Looks like I asked for a feature not out yet.

Sent from my Kindle Fire using Tapatalk


----------



## Andra (Nov 19, 2008)

It is possible to copy text from some places. For example, I copied a block of text from a website into an email.
It is kind of weird and I don't know if it will work everywhere but here's what I have done:

Long-press somewhere inside of the text that you want to copy. 
If you get two orange pointer things you should be able to copy the text that is in between them.
So press and hold to drag one of the orange pointers to the beginning of your text and the other pointer to the end of the text.
Once the text is in between the pointers, press somewhere in between and you should get a little box on the screen that says "Text copied to clipboard."
Go wherever you want to paste and long-press to pull up a menu.
Press Paste. (If Paste is not there but other editing options appear, there is nothing on the clipboard.)

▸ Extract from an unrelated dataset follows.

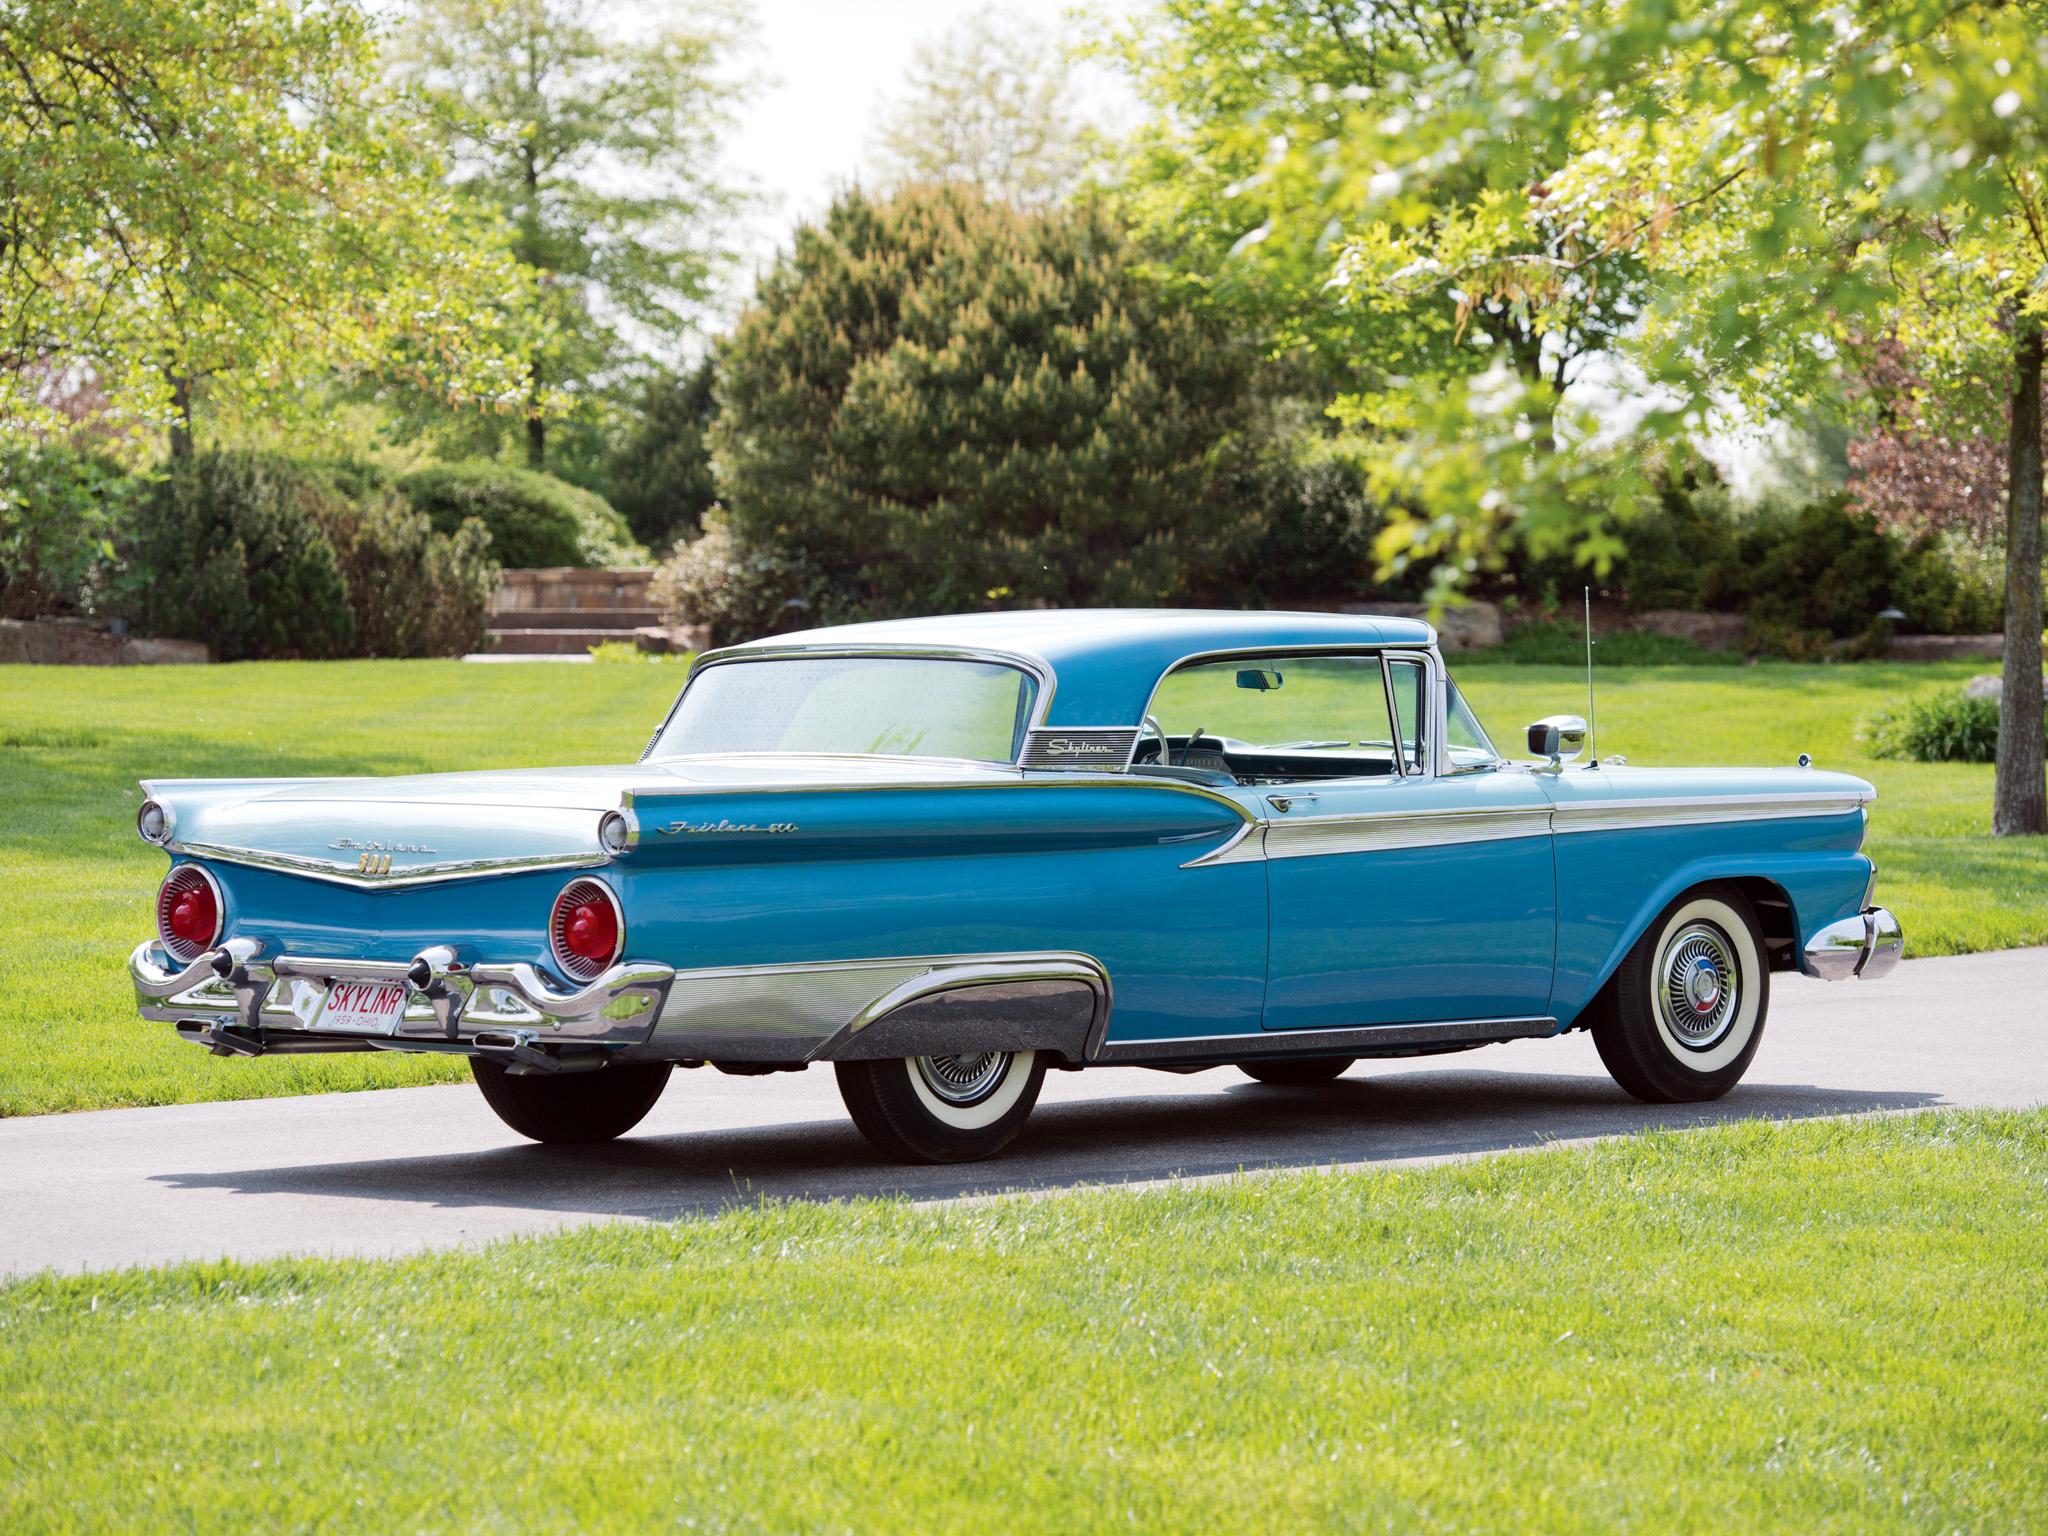 Ford F >> 1959 Ford Fairlane 500 Skyliner Retractable Hardtop retro r wallpaper | 2048x1536 | 180017 ...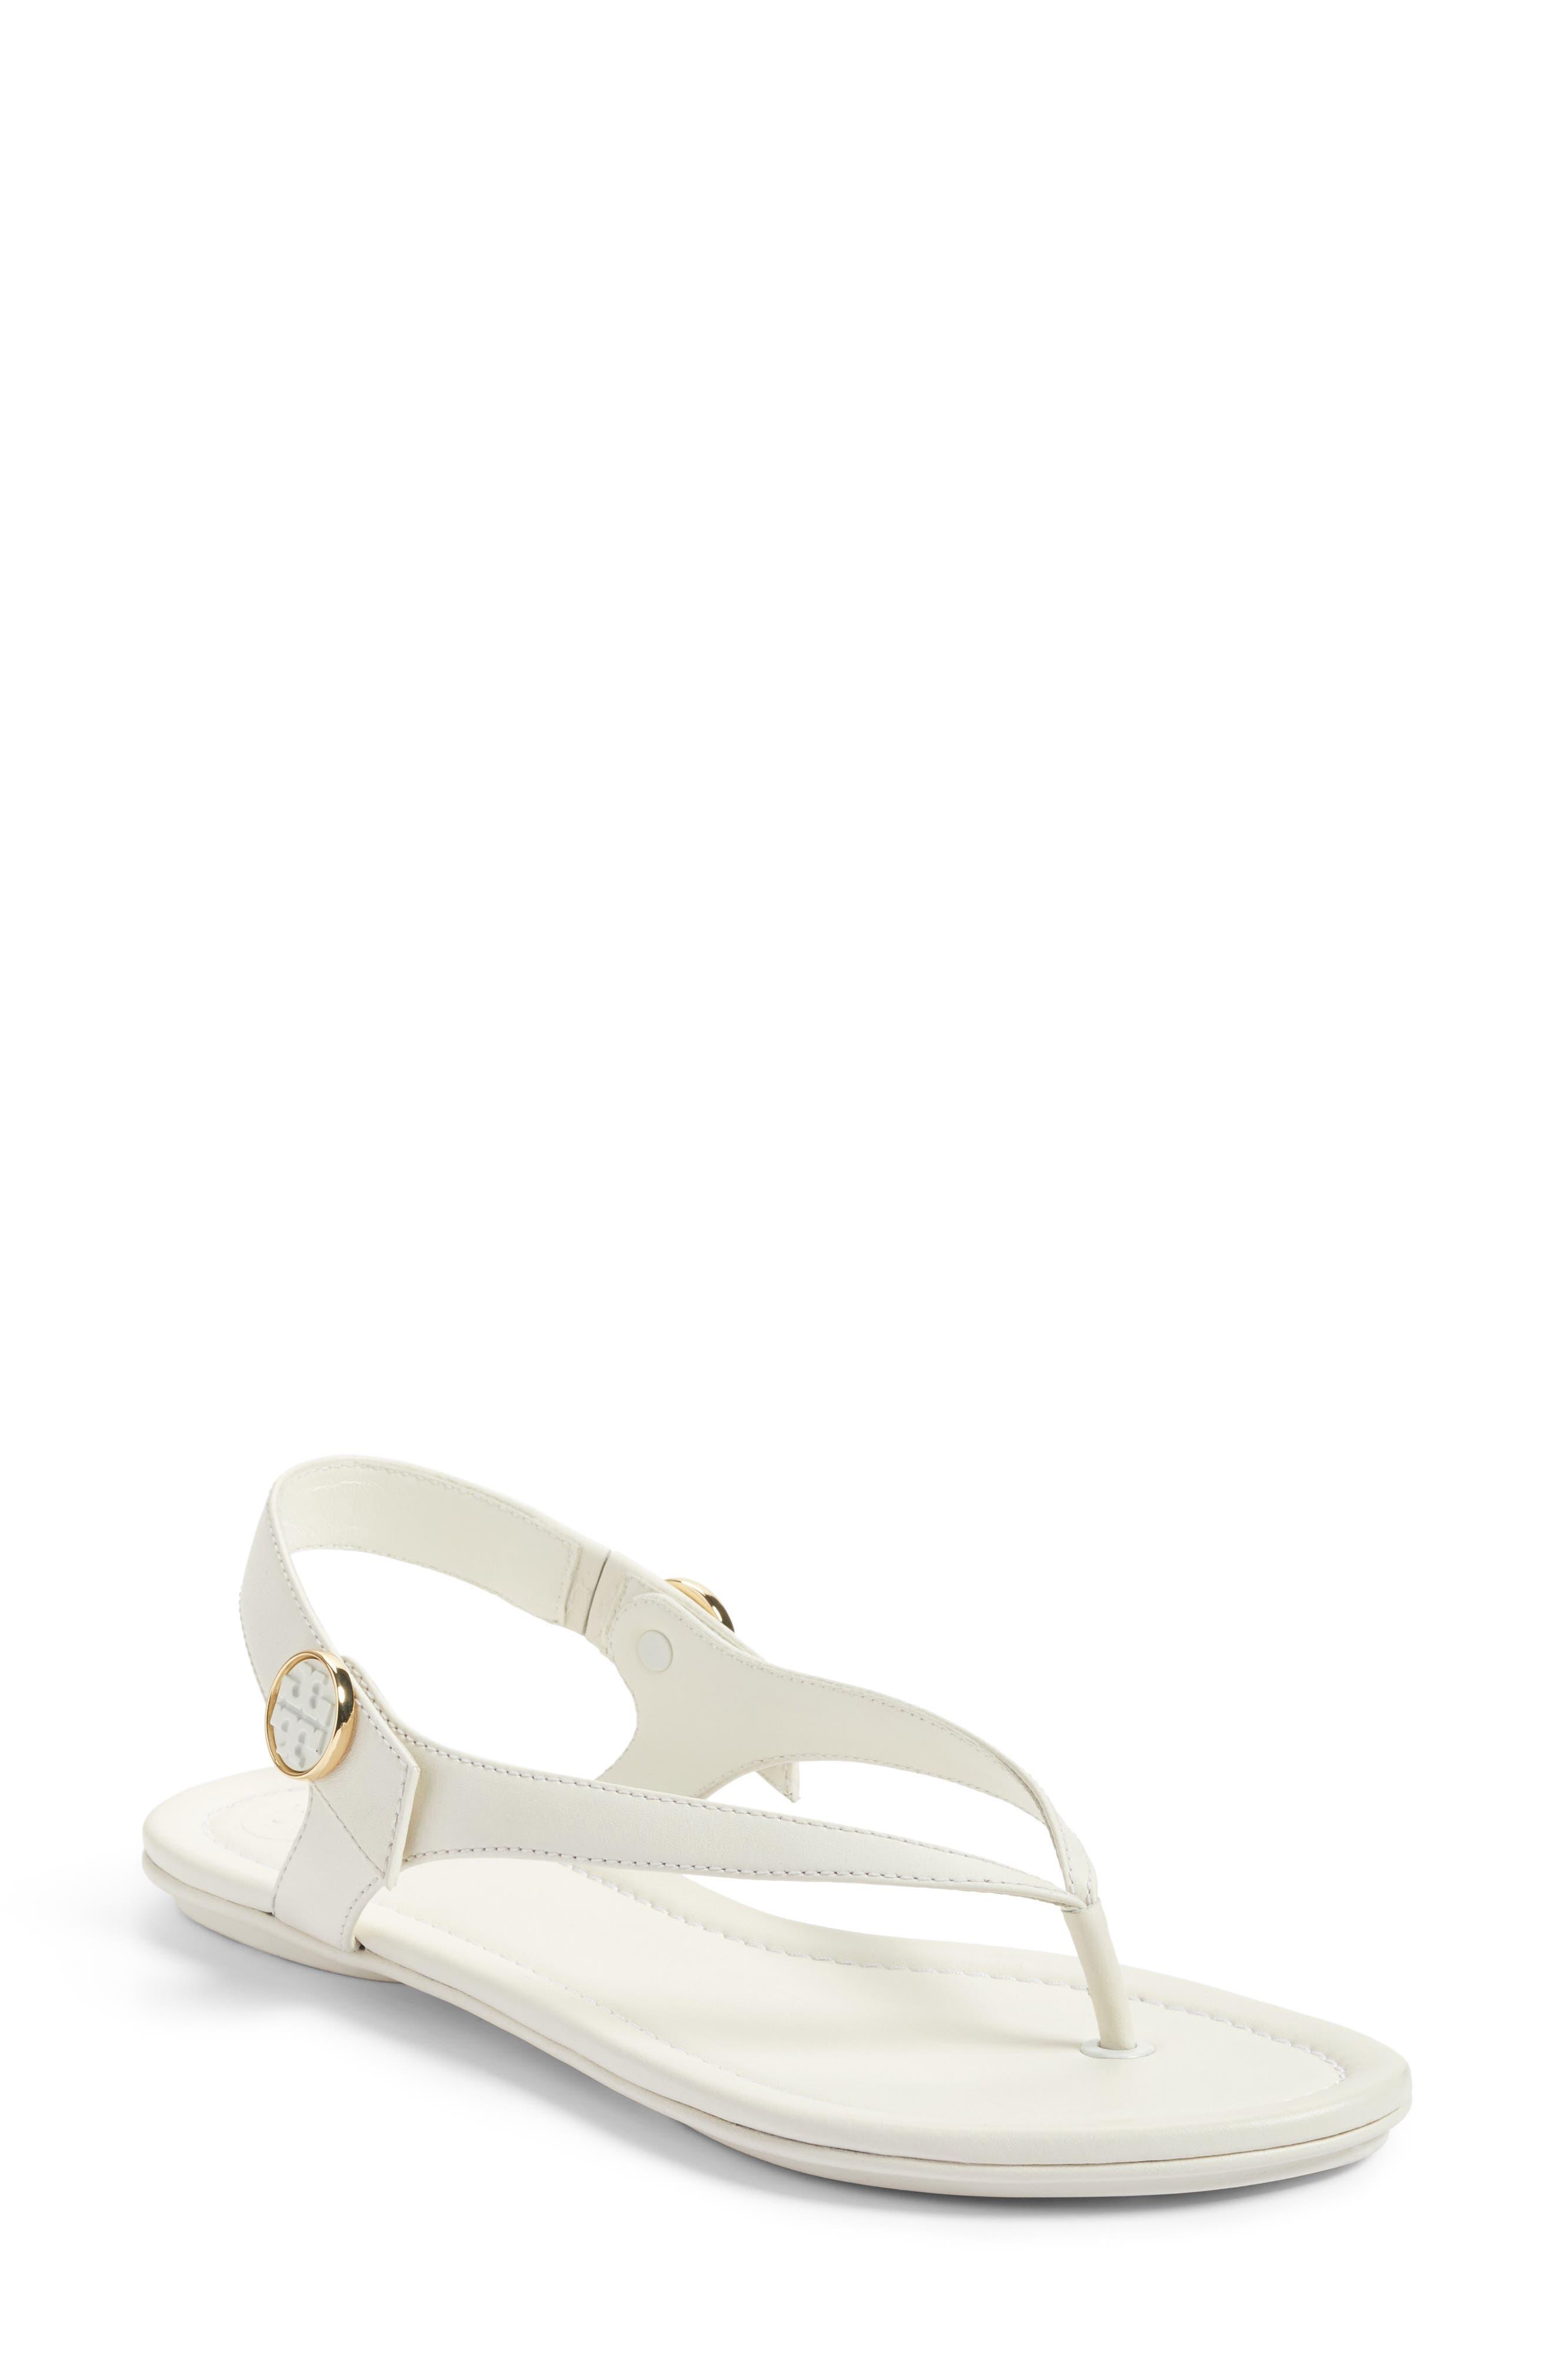 Tory Burch Minnie Travel Thong Sandal (Women)

If you want to select all of the text in a box of some kind - like this posting box, a long press will bring up the Edit Options menu and you can choose Select All. Then you still have to press it to actually copy to the clipboard.


----------



## shalym (Sep 1, 2010)

Andra said:


> It is possible to copy text from some places. For example, I copied a block of text from a website into an email.
> It is kind of weird and I don't know if it will work everywhere but here's what I have done:
> 
> Long-press somewhere inside of the text that you want to copy.
> ...


That's how it worked for me, too. I was able to copy and paste text from a web page into a message in Enhanced Email. I can't guarantee that it will work from Docs to Go (I don't have that app, so can't test it) but it definitely works with text copied from the browser.

Shari


----------



## Shastastan (Oct 28, 2009)

Thanks.  At least I know that there is some type of a clipboard function.  Maybe part of the problem is my lack of familiarity with touch screens.  I'll try some more.  I appreciate the help.


----------



## Xopher (May 14, 2009)

I think this is a Docs2Go issue. With OfficeSuite, copy/paste works on my tablet.


----------



## Andra (Nov 19, 2008)

I have run into some websites where I am unable to copy...


----------



## Guerruckey (Jan 13, 2012)

There are some sources that it copies from, and some it doesn't. And some sites it will let you highlight, but won't move down to capture more. Or maybe that's just me not knowing a work-around.


----------



## Shastastan (Oct 28, 2009)

@Shari

Thanks to you I can do it now.  The key is to select and then press and hold.  To paste, you have to press and hold before the paste window pops up.  Guess I just have to learn touch procedures.  THANKS!!

Stan

Sent from my Kindle Fire using Tapatalk


----------